さっきまで食べていたチョコの甘さが一気に引いていくほど、空気が、ピリつく。
 でも、私は目を逸らさずに全部を伝えようと思った。けれど、桐は何かに失望したかのように、私に問いかける。
「アイツが柚葵の高校にいたの? もしかして陸上部辞めるどうのこうので校門で揉めてたやつ?」
「あっ、うん。そっか、あの日桐もそばにいたもんね」
「やっぱりアイツだったんだ……!」
 そう言うと、桐はテーブルをドンッと勢いよくたたいて、頭を抱え込んだ。
 やっぱりということは、桐は何かを感じ取っていたのだろうか。顔立ちが似ていることに気づいていたとか……?
「柚葵、忘れたの? アイツのせいで柚葵の声は奪われたんじゃん」
「うん、でもね、それはあくまでもきっかけで」
「きっかけも何も、私はアイツを許せない! だって柚葵はあの日のせいで、転校する羽目になって……、家族以外と話せなくなって」
「うん……」
「私とでさえ、柚葵の家の中でも、一時期話せなくなったって言うのに……」
 そう言われて、私は中学二年生になるまで、自宅でも桐と話せなくなってしまった日々を思い出す。
 たったひとり、親友と呼べる人なのに。
 “あの学校”の制服を桐が着ているからというだけで、声がまったく出なくなってしまったのだ。
 もし、あの日声が奪われていなかったとしたら、私はきっと高校まで桐と一緒に学校生活を送ることができただろう。きっと、そんな未来もあったんだろう。

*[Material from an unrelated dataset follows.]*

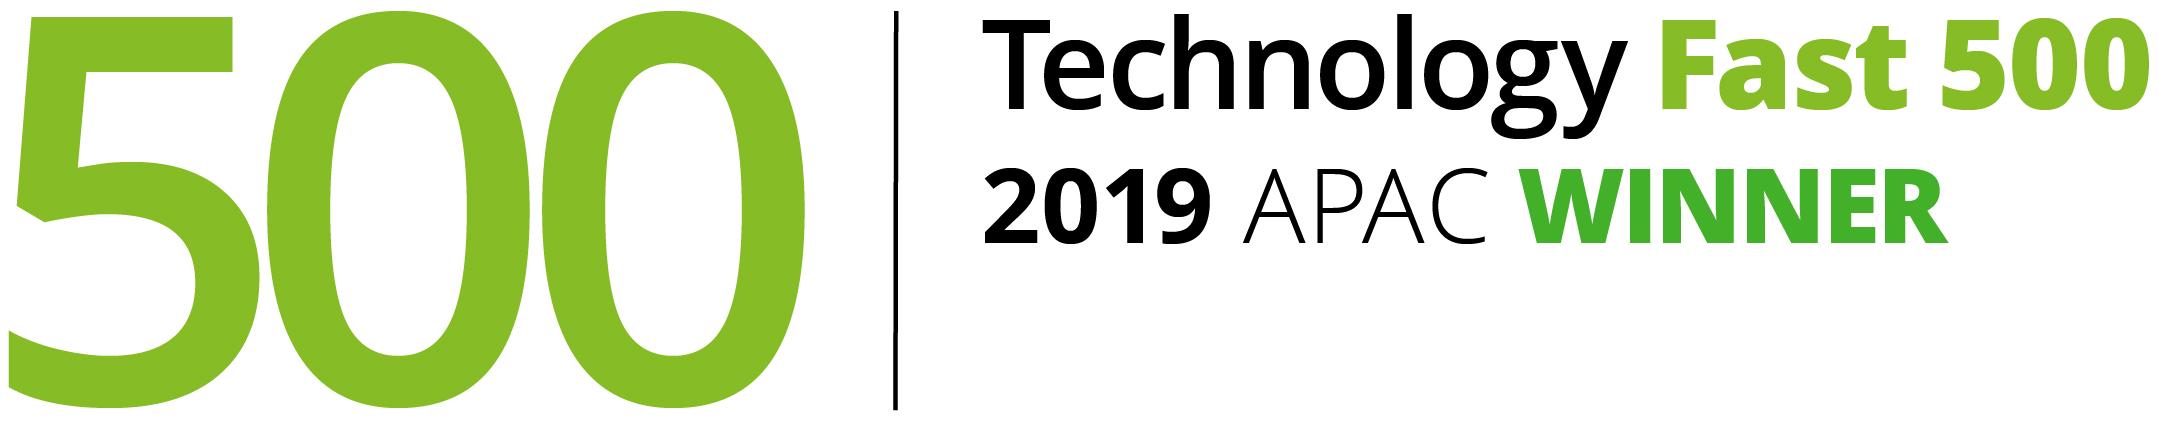 Technology Fast 500 2019 APAC Winner

 桐は、私がいなくなってからあの学校で孤立した生活を送っていたと、風の噂で聞いた。そのことへの罪悪感で、桐の顔を見るのも辛い時期があったのだ。
 それでも桐は、私との関係を、断ち切らいでいてくれたんだ。
 桐からしたら、成瀬君は私たちの絆も奪った人、になっているんだろう。
 それなのに私は今、その成瀬君を好きになったと告白した。受け入れがたいのも無理はない。
「柚葵は、許したの? アイツを」
 涙を目にいっぱいに溜めた桐が、真剣な顔でそう問いかけてくる。
 成瀬君を許す、という言葉が自分の中でしっくりこなくて、私は言葉に詰まる。すると、彼女は今度は心配したような顔つきで、私の肩を揺する。